8.       De raad stelt dat het beroep, voor zover dat is ingesteld door [appellant AH], [appellant AD], [appellant AE], [appellant AB] en [appellant AC], niet-ontvankelijk moet worden verklaard. Deze personen kunnen volgens de raad niet kunnen worden aangemerkt als belanghebbenden bij het bestreden besluit, omdat zij geen gevolgen van enige betekenis van het bestreden besluit zullen ondervinden vanwege de afstand van hun woningen tot het perceel en het ontbreken van zicht daarop.

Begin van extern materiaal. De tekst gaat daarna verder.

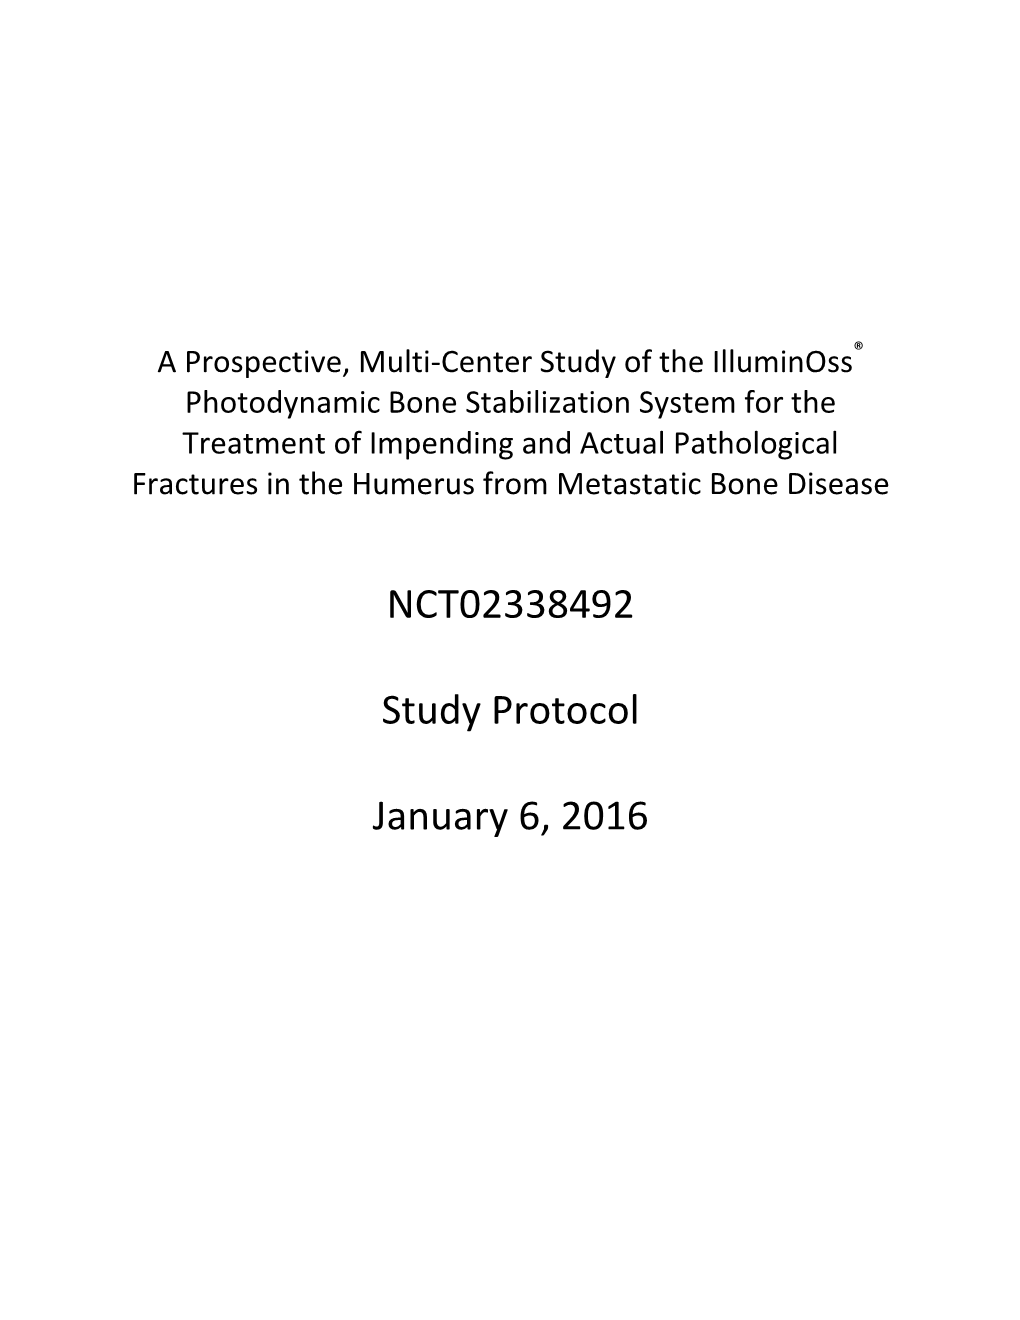 NCT02338492 Study Protocol January 6, 2016

8.1.    [appellant] betoogt dat [appellant AH], [appellant AD], [appellant AE], [appellant AB] en [appellant AC] wel als belanghebbenden moeten worden aangemerkt, omdat zij overlast ondervinden van de activiteiten op het perceel. In dat verband wijst hij op het verkeer van en naar de camping. Ook wijst hij op de te verlenen horecavergunning en de toekomstige uitbreiding van de camping. Bovendien heeft volgens [appellant] een ieder het recht om voor het belang van de natuur en de houtopstand op te komen en om die reden kan een ieder opkomen tegen een onrechtmatig besluit van een bestuursorgaan om een gebied niet terug te geven aan de natuur.

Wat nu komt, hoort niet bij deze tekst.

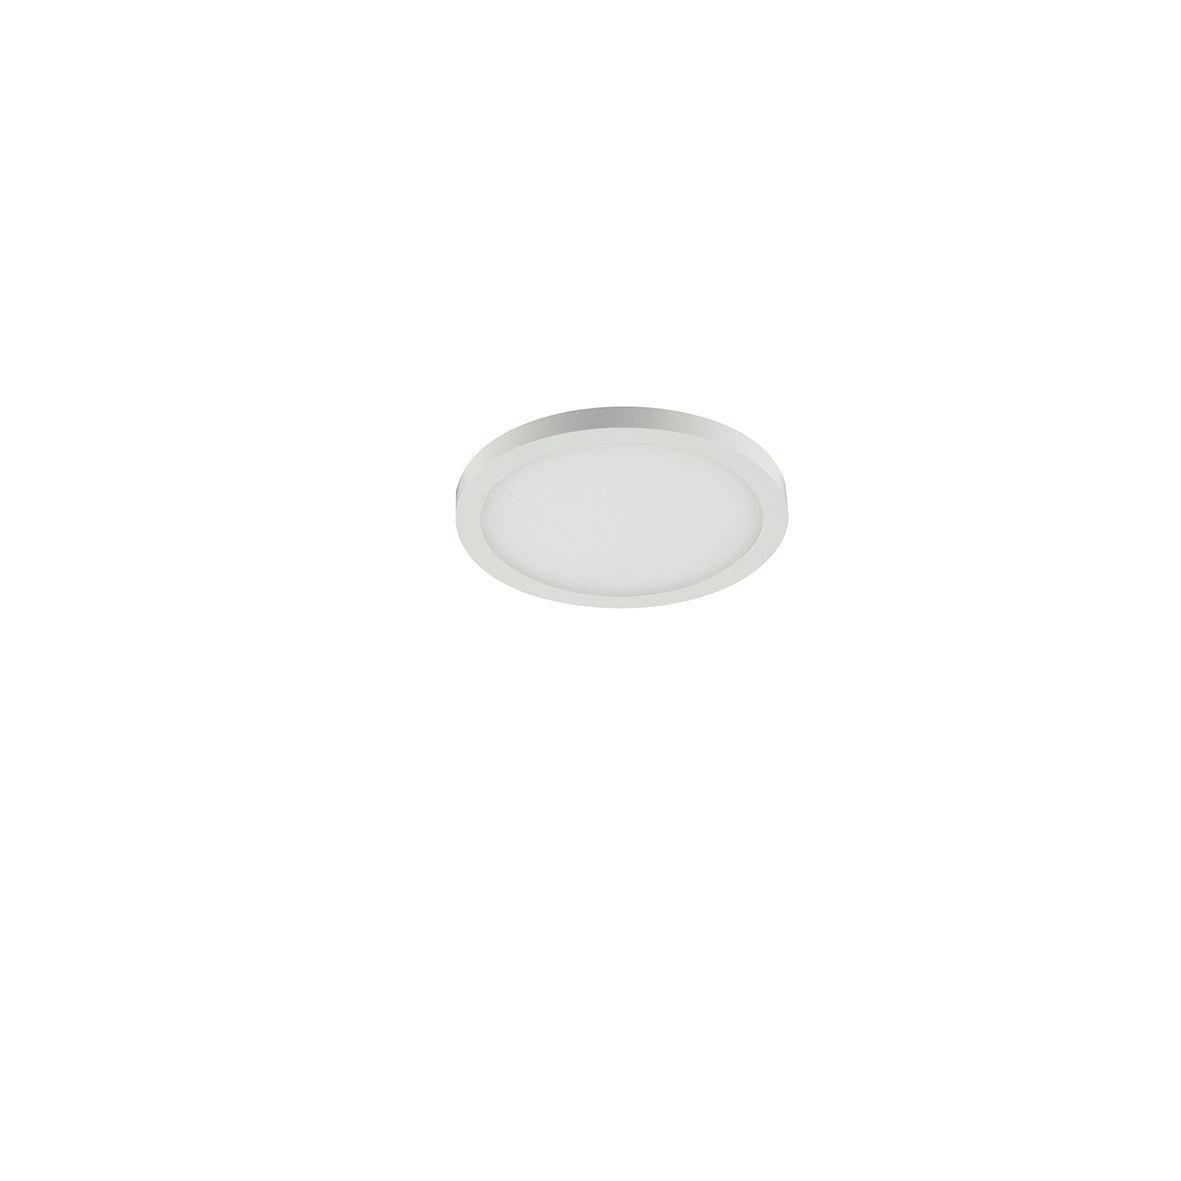 Luminaria empotrable LED PLUS en aluminio blanco mate y borde efecto luz de techo

8.2.    [appellant AH], [appellant AD], [appellant AE], [appellant AB], [appellant AC] wonen aan de [locatie 4], [locatie 5] en [locatie 6]. Zij zijn geen belanghebbenden bij het indienen van het bezwaar tegen het besluit van 10 december 2020. De Afdeling acht niet aannemelijk dat zij feitelijke gevolgen zullen ondervinden van het besluit tot afwijzing van de aanvraag om een bestemmingswijziging voor het perceel vast te stellen. Zij wonen namelijk op een afstand van ongeveer 170 m van het perceel en zij hebben vanaf hun woningen daar geen zicht op.

Ook acht de Afdeling het niet aannemelijk dat ter plaatse van de woningen aan de [locatie 4], [locatie 5] en [locatie 6] een relevante toename van verkeershinder zal worden ondervonden. Gelet op de ligging van de ontsluiting van het perceel ten opzichte van de woningen aan de [locatie 4], [locatie 5] en [locatie 6], zal het verkeer van en naar het perceel ter plaatse van deze woningen al of nog steeds in het heersende verkeersbeeld zijn opgenomen. Daarbij is van belang dat in het heersende verkeersbeeld ook verkeer van en naar de bedrijven die zijn gevestigd aan de Doornseweg, zoals een restaurant, is opgenomen.

Voor zover wordt gewezen op de te verlenen horecavergunning en de toekomstige uitbreiding van de camping, merkt de Afdeling op dat deze toekomstige, onzekere ontwikkelingen onvoldoende zijn om belanghebbenden bij het bestreden besluit te kunnen zijn.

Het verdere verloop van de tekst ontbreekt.